Cybersecurity and the Yahoo experience – Legal pays the price

If we were to roll the movie back several years, most boards in North America would have listed cybersecurity as low on their list of priorities. Experience has shown, however, that we seriously underestimated the effect a security breach could have on a company’s reputation and fortunes.

If we were to roll the movie back several years, most boards in North America would have listed cybersecurity as low on their list of priorities. Experience has shown, however, that we seriously underestimated the effect a security breach could have on a company’s reputation and fortunes.    

Companies have since then had to pay out billions of dollars in damages for infiltrations into their information systems. It is believed by some that the electoral results in the United States were skewed and orchestrated by state-sponsored hackers.

At board meetings I have attended recently, cybersecurity is very much on the minds of board members, both in their deliberations as well as in their social conversations.

Yahoo CEO and general counsel

The responsibility of boards and management teams to ensure that their information systems are secure is being brought home most poignantly with what is currently being reported about the company Yahoo.

Yahoo reported two major data breaches of user account data to hackers during the second half of 2016. The first announced breach, reported in September 2016, had occurred some time in late 2014 and affected more than 500 million Yahoo user accounts. A separate data breach, occurring earlier around August 2013, was reported in December 2016 and affected more than one billion user accounts. The attacks are the largest known security breaches of one company’s computer network ever.

According to a Form 10-K filed March 1, the company found that an additional 32 million accounts were compromised in 2015 and 2016 through the use of forged cookies. The intrusions allowed hackers acting on behalf of an unnamed foreign state to steal valuable personal information without the use of passwords.

On March 1, Yahoo announced that its CEO, Marissa Mayer, took responsibility for the theft of personal information by voluntarily foregoing her annual bonus and equity award for 2017. She asked that her bonus be redistributed to the company's employees.

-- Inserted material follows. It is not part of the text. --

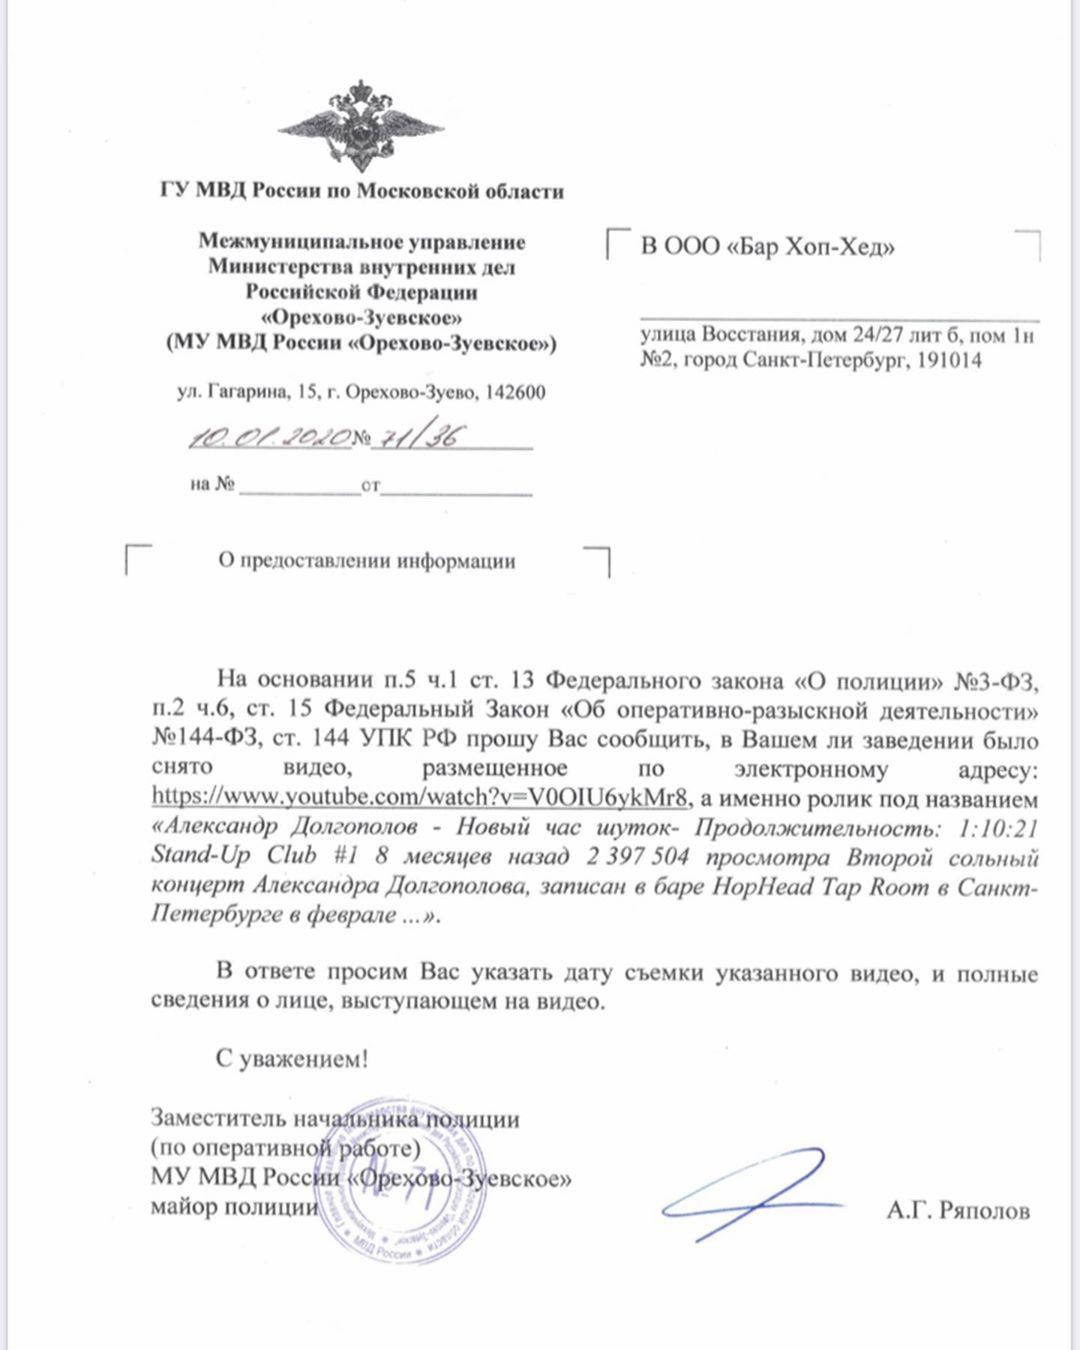 МВД запрос о Долгополове

The Form 10-K discloses, surprisingly, that an investigation led by an independent committee on Yahoo's board found that the company's information security team had contemporaneous knowledge of the 2014 breach as well as the cookie forging in 2015 and 2016. In other words, there was a multi-year delay on the part of Yahoo’s management team and board in investigating and disclosing the number of attacks and the extent of the potential damage done.

According to the filing, senior executives and relevant legal staff were aware that a state-sponsored actor had accessed certain user accounts, and though Yahoo took certain remedial actions, the committee said senior executives including the legal team "did not properly comprehend or investigate, and therefore failed to act sufficiently upon, the full extent of knowledge known internally by the company's information security team." Accordingly, on the same day that the Mayer announcement was made, Yahoo announced that its general counsel and company secretary Ron Bell resigned from the company after more than 15 years at Yahoo and almost five years at the helm of its legal department. Unlike Mayer, however, Bell lost his job and walked away with no severance.

It is interesting that while Bell was not directly responsible for IT security, his failure to ensure a timely and thorough investigation and reporting seems to have warranted his dismissal.

Further Yahoo repercussions

The story since then has continued to unfold.

On March 17, Yahoo announced in another regulatory filing that after Yahoo sells its operating business to Verizon Communications Inc., Mayer will step down as CEO from the holding company that remains. She will leave, however, after receiving a US$23-million severance package. Besides her severance package, Mayer will gain control of stock options valued at $56.8 million, according to the filing. The stock will no doubt help ease the sting of losing out on her 2017 $1-million salary and stock option grant!

Summary

The events at Yahoo suggest that cybersecurity is now a prominent topic in board discussions.  Companies are prepared to take strong, visible steps to demonstrate that their customer’s personal information is secure. The Yahoo experience, however, suggests that the laying of responsibility may be uneven. It also seems to suggest that the legal department should play an important oversight role as well as being key to any investigation and reporting. Companies such as Yahoo are signaling that they are prepared to hold the feet of their in-house counsel to the fire for information breaches, up to and including their dismissal, particularly where they fail to act promptly and thoroughly.